Embedded smart cameras have made a dramatic shift towards distributed surveillance systems by combining sensing, processing and communicating on a single platform. A critical issue in embedded smart cameras is resource limited, which poses great challenging in designing fast and efficient vision algorithms. Therefore, it should be very important to consider the vision algorithms efficiency, memory requirements and portability to an embedded processor during the algorithm design.

Face detection has been one of the most studied topics in the computer vision literature, and is the step stone to all facial analysis algorithm . As a fundamental computer vision problem, the goal of face detection is, given an arbitrary image, to determine whether or not there are any faces in the images and, if present, return the image location and extent of each

face .

Most of the face detection approaches can be categorized as knowledge-based, feature-based, template-based and appearance-based methods . However, little attentions have been paid to the algorithms efficiency in processing time as well as meeting the real-time requirement in some resource-limited applications. For example, Hsu Etal propose a face detection method in colour image needs 540 seconds to process a 640x480 image on a 1.7GHz CPU. Rowley Etal present a neural network-based upright frontal face detection system takes approximately 383 seconds to process a 320x240 image. The so-called most successful and fastest Viola-Jones detector can process 384x288 images at the speed of 15 FPS (Frames Per Second) on a conventional desktop and 2 FPS on a low power 200 mips Strong ARM processors, nevertheless their image size is too small to be preferable (a 640x480 resolution is common used) and the 2 FPS on Strong Arm is apparently unacceptable in a real-time application based on embedded smart cameras. To obtain the real-time performance in video streams, several optimized face detectors appeared. Most of them use the Viola-Jones face detector and optimize the software and/or hardware implementation to improve the systems performance. Table 1.1 summarizes some embedded system-oriented implementations.

TABLE 1.1

IMPLEMENTATION OF VIOLA JONES DETECTOR

Chapter 2

DESIGN GOALS

2.1 PROBLEM DEFINITION

In the traditional algorithm design , more attention are drawn to the detection accuracy performance rather than the processing efficiency as well as resource-limited conditions. On the other hand, for some hardware or/and software optimized implementations in Table I, their FPS are moderate. However, all of these implementations platforms are ASIC, DSP and FPGA who are highly specialised and customised processors. In a real smart camera networks application, every camera mote may have changing task with the varying situation.

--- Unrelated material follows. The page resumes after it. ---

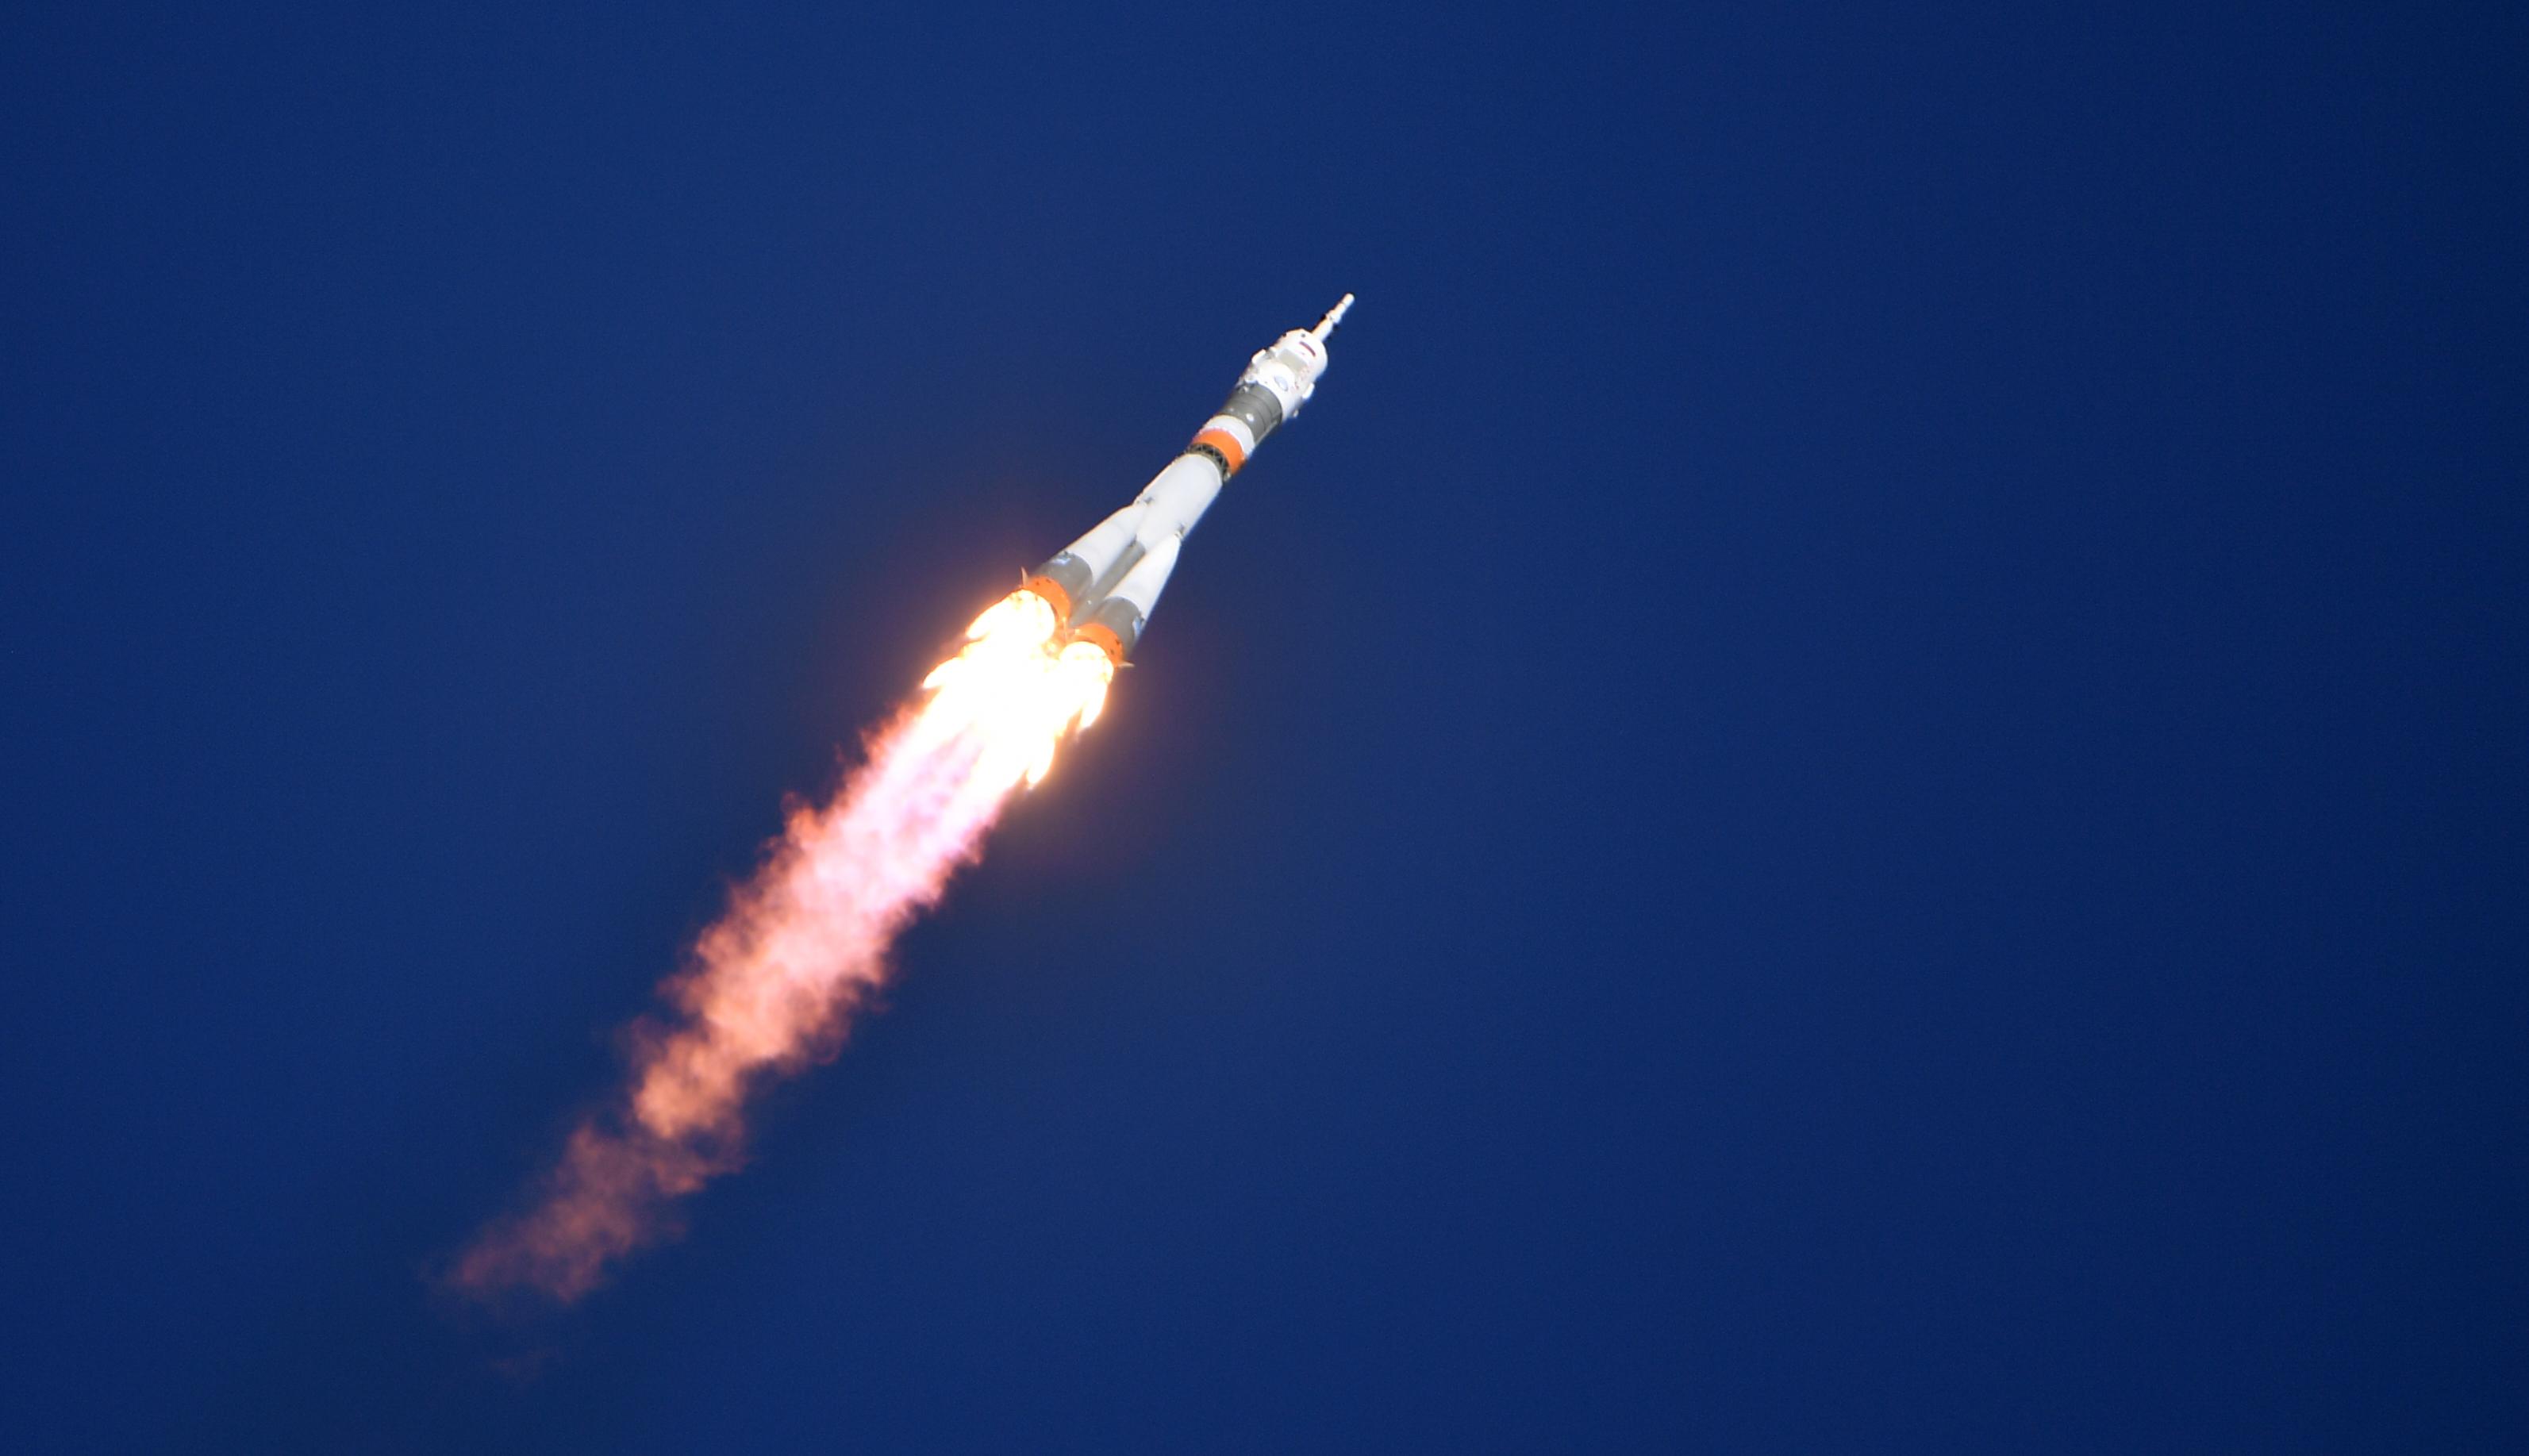 Kényszerleszállást kellett végrehajtania a Szojuz MSZ-10 űrhajónak

So, our goal was to design a light-weight face detector on embedded smart camera with general purpose processor, where it consumes little resource and achieves real-time and acceptable detection performance.

2.2 PROPOSED SOLUTION

This work is based on the observation that computation and storage overhead increase proportionally to its pixel manipulation in image processing. A natural way is to construct a hierarchical scheme: identifying face candidates with little computation and manipulation on full image and then eliciting the true faces from candidates with reliable algorithm. The key challenge in the hierarchical scheme is how to construct a multi-layer architecture, in which the complex processing can be split from the pixel manipulation and guarantee detection accuracy simultaneously. This problem is solved by proposing Pyramid-like Face Detection (P-FAD) that consists of five layers whose operating units decrease dramatically from top to down while the operations on every unit increase gradually. PFAD addresses this challenge using a 3-stage coarse, shift and refine process. P-FAD first imposes the coarse operations on every pixel for skin detection. It is extremely efficient without losing the robustness to the changing environment. P-FAD then make a shift between operating units, that means using schemes layer 2-4 to shift the operating from pixel manipulation to contour points, grouped regions and face candidates. Finally, P-FAD presents a modified Viola-Jones detector, to refine the final results. The scheme was implemented both on a notebook and embedded smart camera platform. Experimental results demonstrate the P-FADs resource-aware properties that could process a VGA image in just 7.23ms on a notebook and 28.3ms on a light-weight embedded smart camera while still hold the acceptable detection accuracy compared to the Viola-Jones haar detectors OpenCV implementation. Moreover, P-FAD is not customised/optimised for any given hardware platform, so its resource-aware properties can also be ported to other general-purposed smart camera platforms.

Chapter 3

PYRAMID-LIKE FACE DETECTION SCHEME

In this section, hierarchical framework for face detection on embedded smart camera is briefly introduced and then focus on tackling the challenging issues in constructing the hierarchical scheme. P-FAD is a hierarchical detection scheme. More specifically, as shown in Fig.3.1, P-FAD is consists of five layers: skin detection, contour point detection, dynamic group, region merge and filter, and haar face detection. P-FAD first uses a relatively coarse skin detection to detect the skin then through contour point detection, dynamic group, region merge and filter, P-FAD shifts operating unit from pixels to contour points, regions and face candidates; and the finally results are refined by the haar face detection. The hierarchical detection scheme is tailored to implement real time detection scheme with low computation and storage overhead, where the operating units decrease dramatically from top to down while the operations on each unit are increasing. It could make pixel manipulation as few as possible to make a significant shift in time cost and guarantee the detection accuracy through further complex process. Thus, PFAD has an inverted pyramid-like appearance on the scales of every layers operate units while the processs complexity is increasing with a pyramid-like shape. To achieve low overhead and high detection accuracy, the following critical issues should be answered in P-FAD:

Derive the efficiency detection regions with operating on full images as few as possible.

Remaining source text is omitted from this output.